Job 12
By the time Job 12 opens, the rhythm of the book has set in. Each of Job's three friends has now given a full speech. Each has said essentially the same thing - that suffering is the receipt of sin, that Job's pain proves Job's hidden guilt, and that repentance is the only way back to restoration. And each has spoken from a posture of confident certainty. Job's reply in chapter 12 is the first time he answers all three of them at once, and the chapter opens with one of the Old Testament's most savage uses of sarcasm: No doubt but ye are the people, and wisdom shall die with you (12:2). The Hebrew is sharper than the English. Truly, you are the People; and with you wisdom will be buried. Job is calling his three friends out for what they have, in fact, been doing: assuming that all real wisdom about God lives in them, and that anyone who disagrees with their framework simply does not understand.

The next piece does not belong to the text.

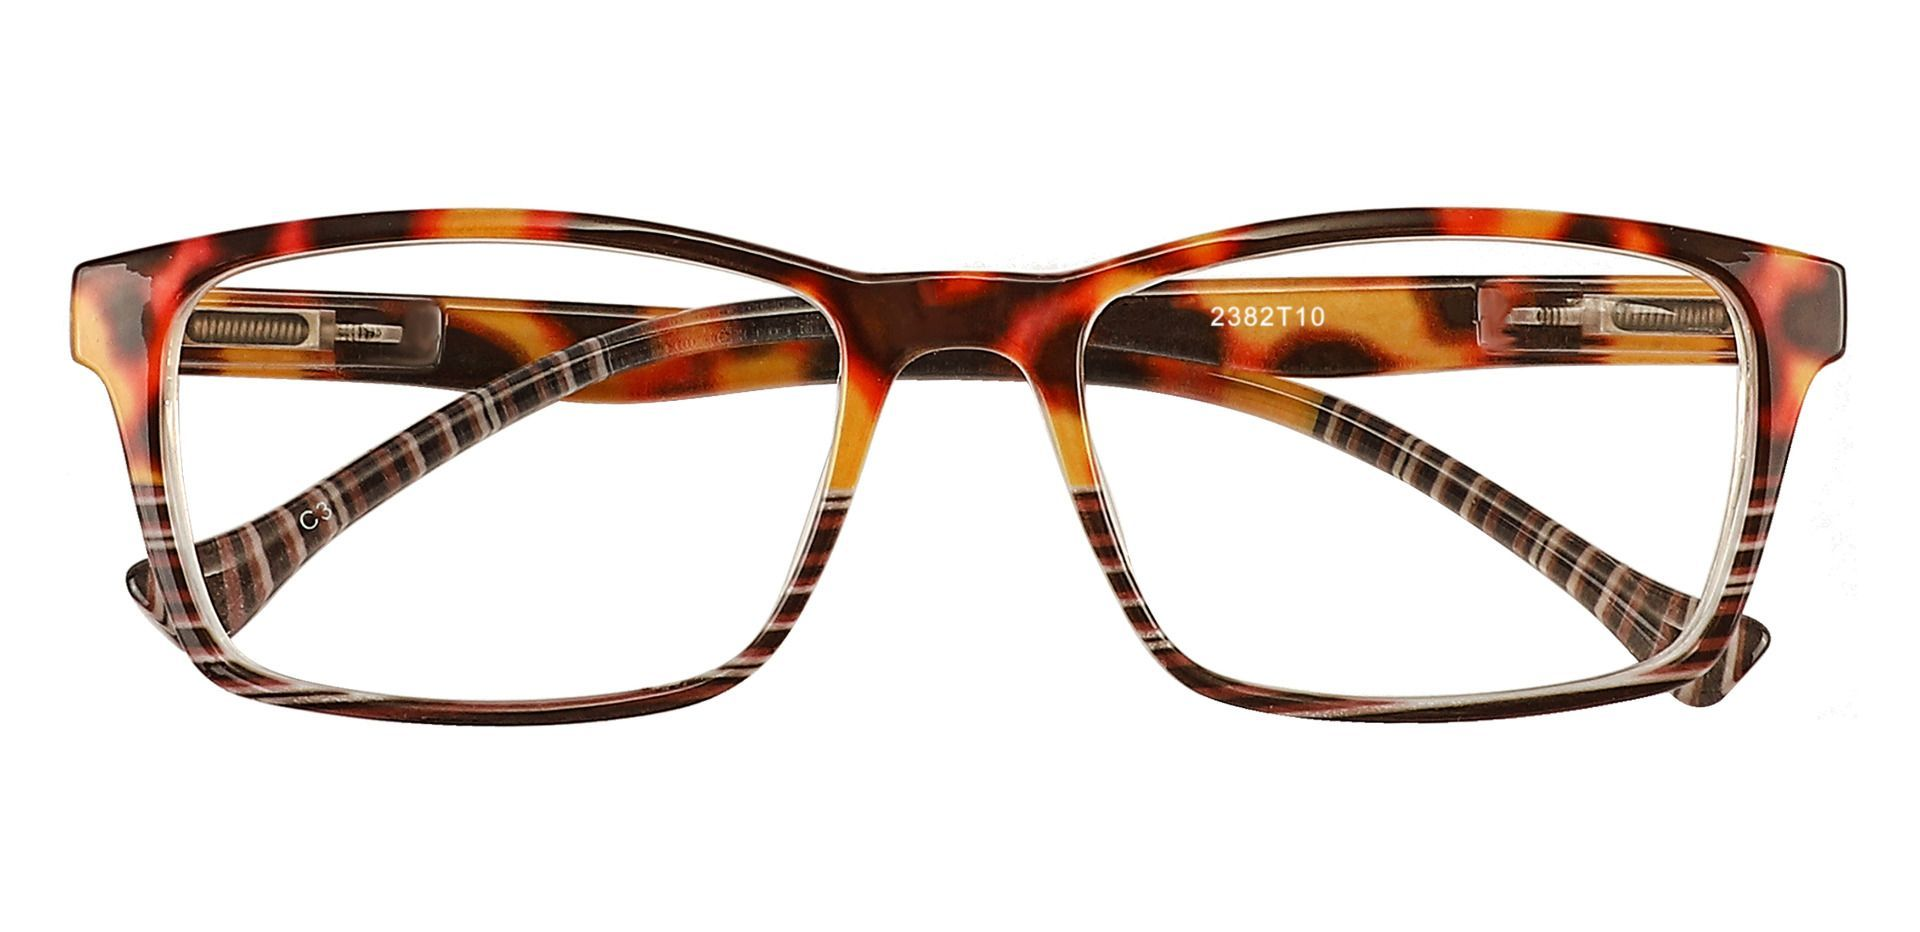 Booth Rectangle Prescription Glasses - Tortoise

The chapter's second movement (vv. 7-12) makes an argument from creation. Ask now the beasts, and they shall teach thee; and the fowls of the air, and they shall tell thee: or speak to the earth, and it shall teach thee: and the fishes of the sea shall declare unto thee. The friends' theology - that God's hand is in all things - is, Job says, so basic that the animals already know it. You do not need a sophisticated retribution-theology to see God's sovereignty in the world. The grass and the sparrow know that much.
And then, the chapter's climax (vv. 13-25): one of the most extensive solo meditations on the sovereignty of God anywhere in the Bible. In twelve verses Job piles up roughly fifteen verbs describing what God actually does with His power. He breaks down. He shuts up. He withholds. He sends out. He leads away. He makes judges fools. He looses the bonds of kings. He pours contempt on princes. He removes the speech of the trusted. He brings the darkness into light. He multiplies nations and destroys them. By the time the verbs stop, Job has demonstrated something his friends had not anticipated: he knows God's sovereignty more accurately than they do. His refusal to fit his own suffering into their tidy framework is not the failure of his theology. It is the strength of it.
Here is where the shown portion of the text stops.